**EXERCISE**
Your answer is the lines below, exactly, from the one that contains "Marcas de moda" through the one that contains "لباس اعتراضی خانم", both included.

**EXERCISE INPUTS**
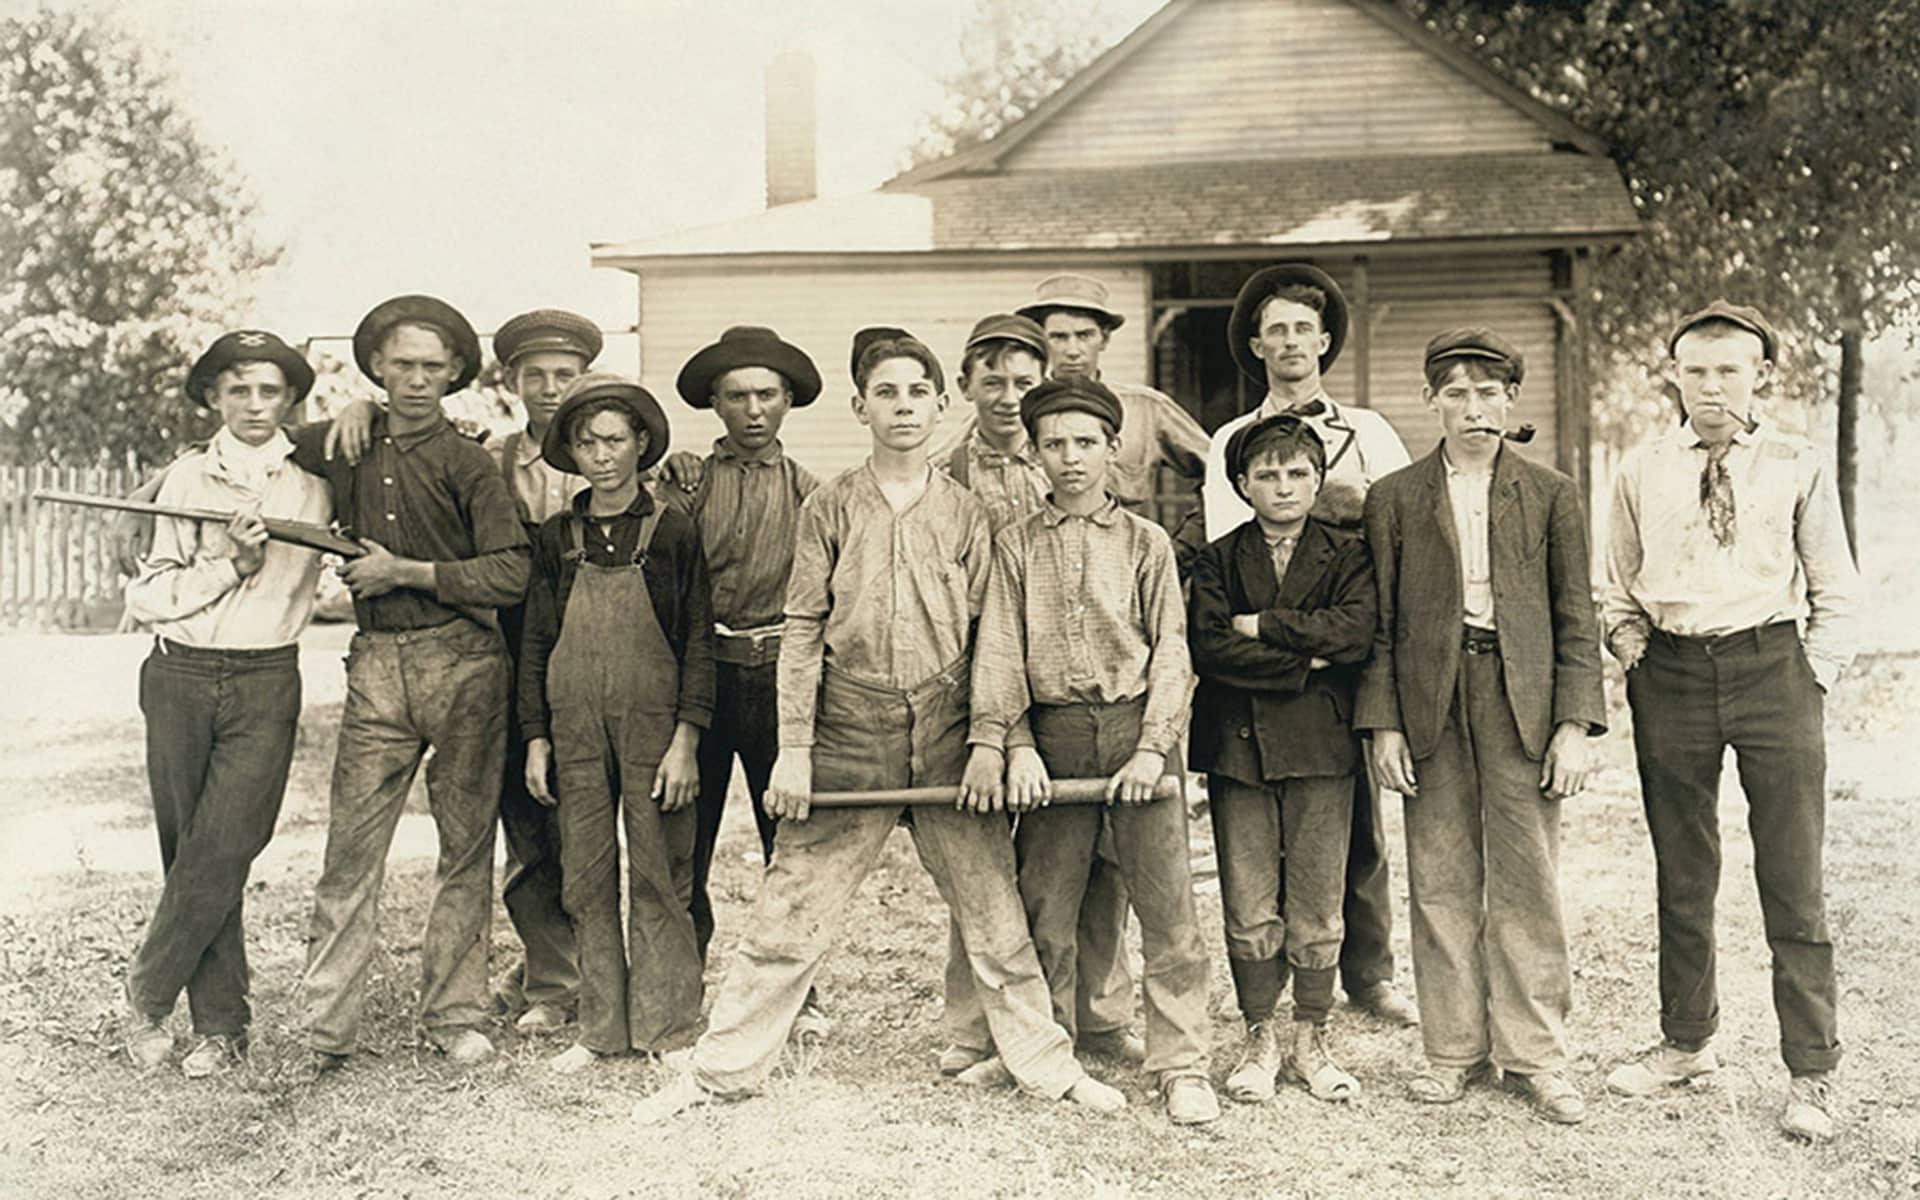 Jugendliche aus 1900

--

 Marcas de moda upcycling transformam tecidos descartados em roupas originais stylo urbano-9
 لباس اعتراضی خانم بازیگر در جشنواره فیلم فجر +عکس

* * *

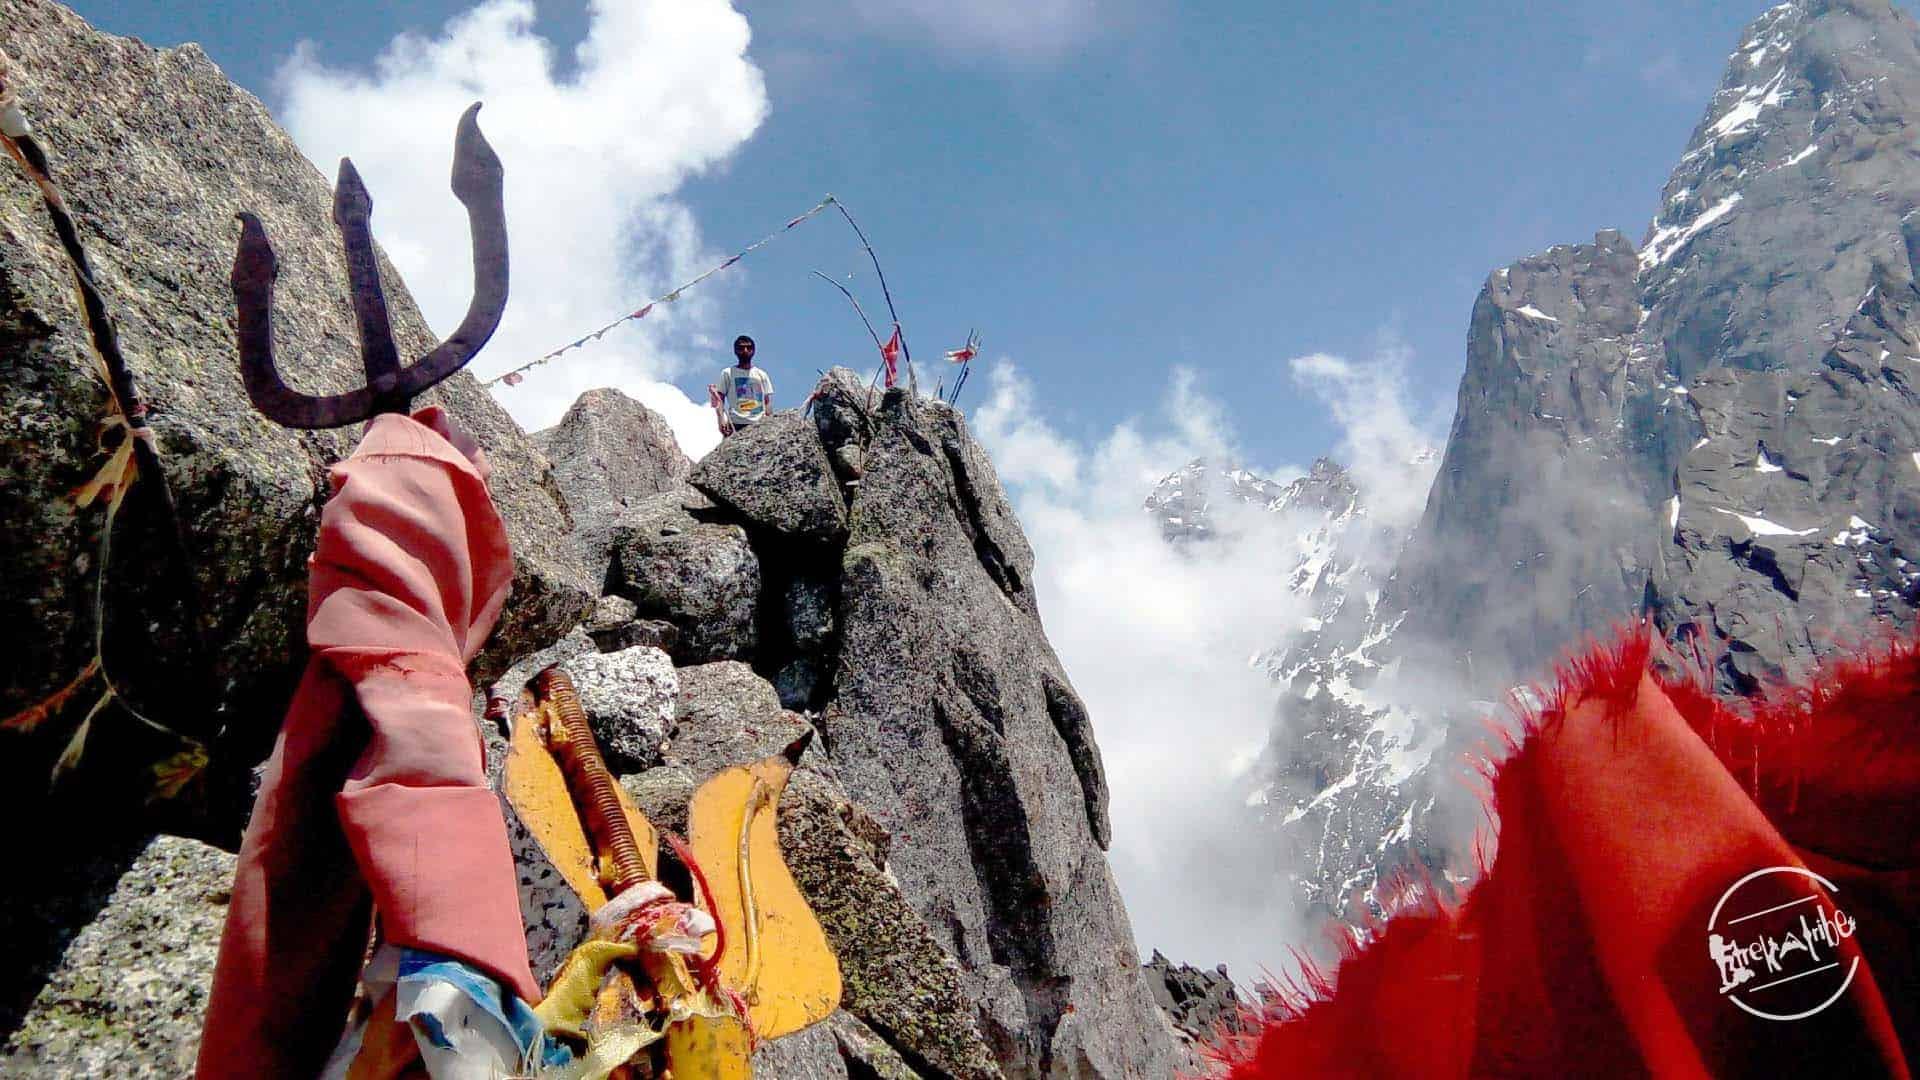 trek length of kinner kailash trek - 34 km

**RESPONSE**
 Marcas de moda upcycling transformam tecidos descartados em roupas originais stylo urbano-9
 لباس اعتراضی خانم بازیگر در جشنواره فیلم فجر +عکس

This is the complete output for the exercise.